Saturday, February 13, 2010

Smart Thinking

I see someone posting this daffy-nition of an intellectual:

"Someone who takes too much time to say more than he knows."

Now I have to wonder about the rise of anti-intellectualism in America. It seems to me that to be an intellectual - to be possessed of a superior mind - would be something to admire. But here is the definition of this movement from historian Richard Hofstadter: "Anti-intellectualism is a resentment and suspicion of the life of the mind and of those who are considered to represent it, and a disposition constantly to minimize the value of that life."

I have seen snobbery and reverse snobbery in action all of my life. Yes, I know people who look down on "service workers" and I know "service workers" who sneer at every echelon of society they consider to be above them. It doesn't make sense to me. If everyone showed a little more respect for everyone else, we might not have these stratifications.

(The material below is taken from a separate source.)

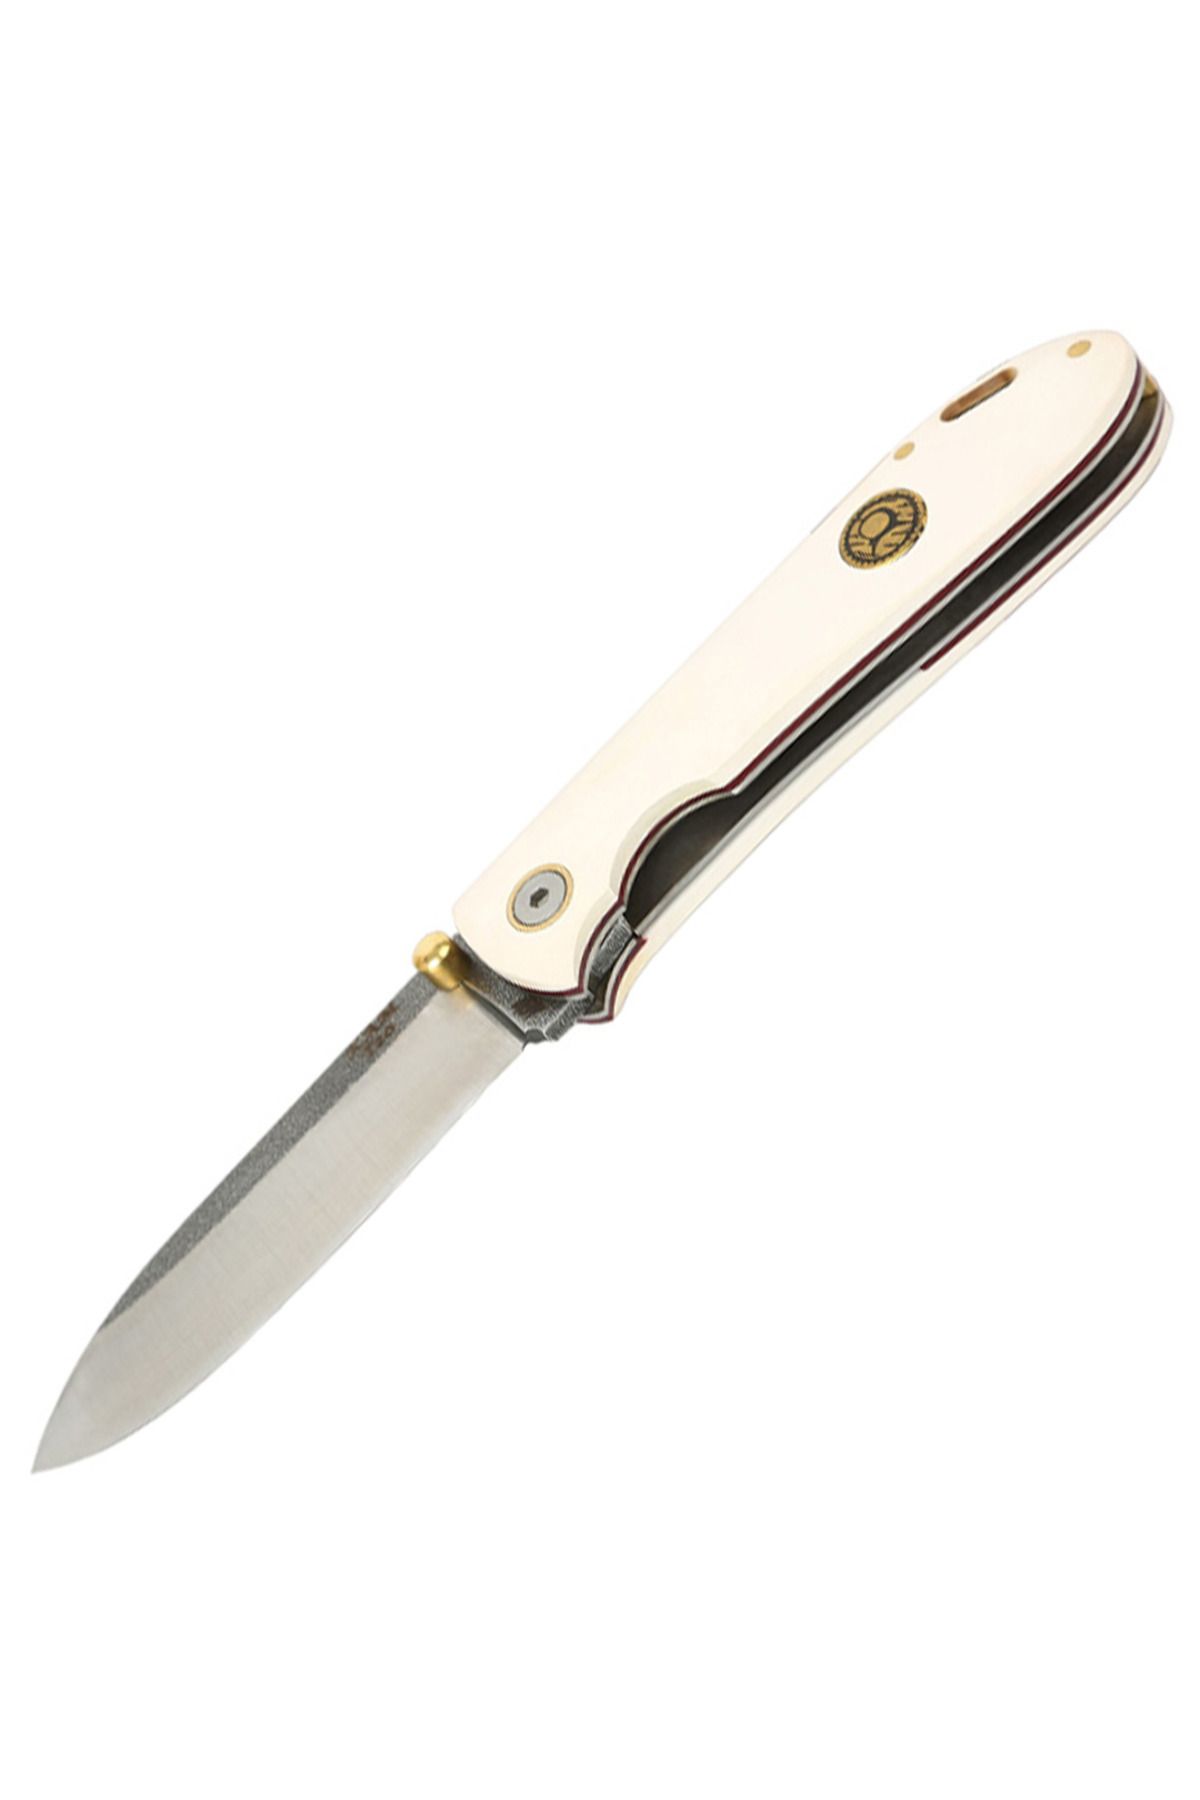 KAM KNIFE - T20 - N690 Çelik - Beyaz Kabza- Çakı
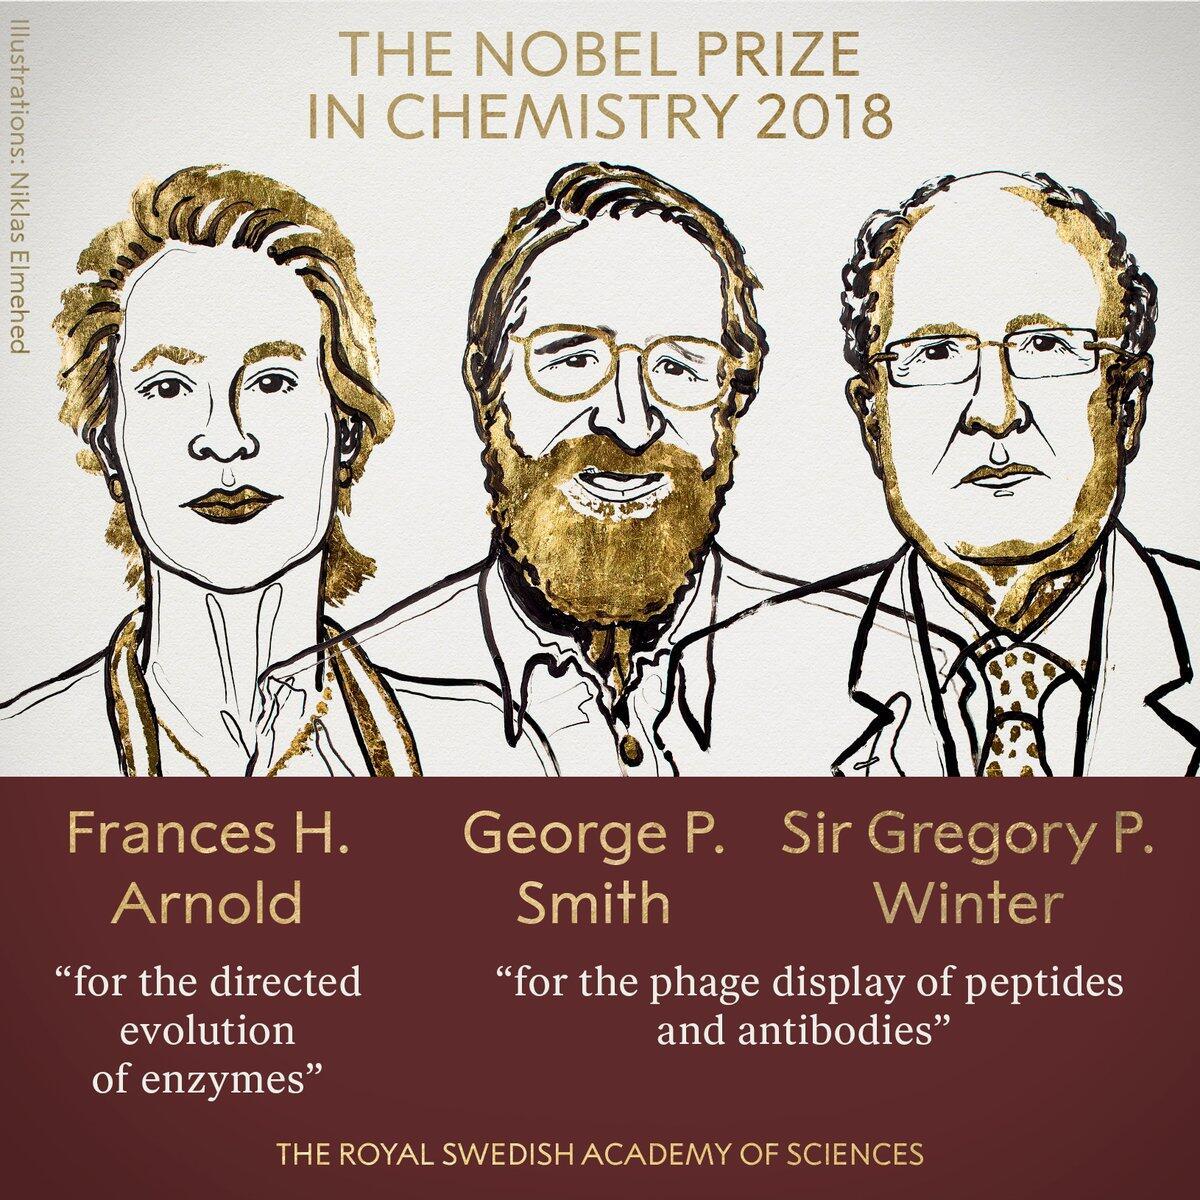 2018年诺贝尔化学奖揭晓 美英3位科学家分享殊荣

For instance, there are people who look down on the guy who repairs things - until they need something repaired! At a big banquet hall, when some waiter drops a tray of roast beef/twice baked potato and green beans almondine dinners, someone has to come along and clean up the mess, or no one is going to have a very good time.

There is some new TV show called Undercover Boss or My Boss Can't Do My Job or something along those lines. The preposterous point of the show is to have the big head cheese of some giant company come out of the boardroom and down to the operating area. In the installment of the show that came on after the Indianapolis Professional Football Team went down to defeat in the Super Bowl, much to the chagrin of their petulant quarterback, the CEO of the world's largest trash hauling firm was given goggles, a safety vest and gloves, and showed up on the sorting line, where, of course, he was shown to be inept, thus making others feel better. It's this man's job to run the company, which does not make him a better person than the person sorting bottles and cans on a conveyor belt. That's my point: I think it would be a good idea to show respect up and down the ladder.

To quote from The Breakfast Club:

Brian Johnson: I'm a %$@*)^! idiot because I can't make a lamp?
John Bender: No. You're a genius because you can't make a lamp.

Remember that scene? The scholarly lad was upset because he was getting the first failing grade of his life in shop class because the lamp he made did not work, and he regarded lampmaking as an insignificant calling. The subtle beauty of John Hughes, who wrote that screenplay, was in using a device of illumination to...illuminate a point. Which was, to me, that we need lampmakers and lamp fixers and people who sit by lamps reading great books and non-great books. To hate someone for being intellectual is tantamount to hating someone for not being intellectual. As soon as we all figure that everyone has his or her own niche, and we all show a little respect for everyone in that niche, my, what a better world we can all inhabit.





1 comment:

Ralph said...

Mark, anti-intellectualism is as American as apple pie. Off the top of my head I can trace it back at least to the nativist "Know-Nothing" movement of the 19th century. In more modern times, are you old enough to remember Adlai Stevenson and his followers being derided as "eggheads"? (Stevenson was bald, and the supposed cause was too much intellectual activity.) John Kerry suffers from the same derision. It's been taken to such an extreme by now that the brilliant Michael Steele, head of the GOP, really thinks "nuanced" is a quality to be avoided (find the interview with Steve Innskeep). We joke about the dumbing down of the country, but it's real, it's real.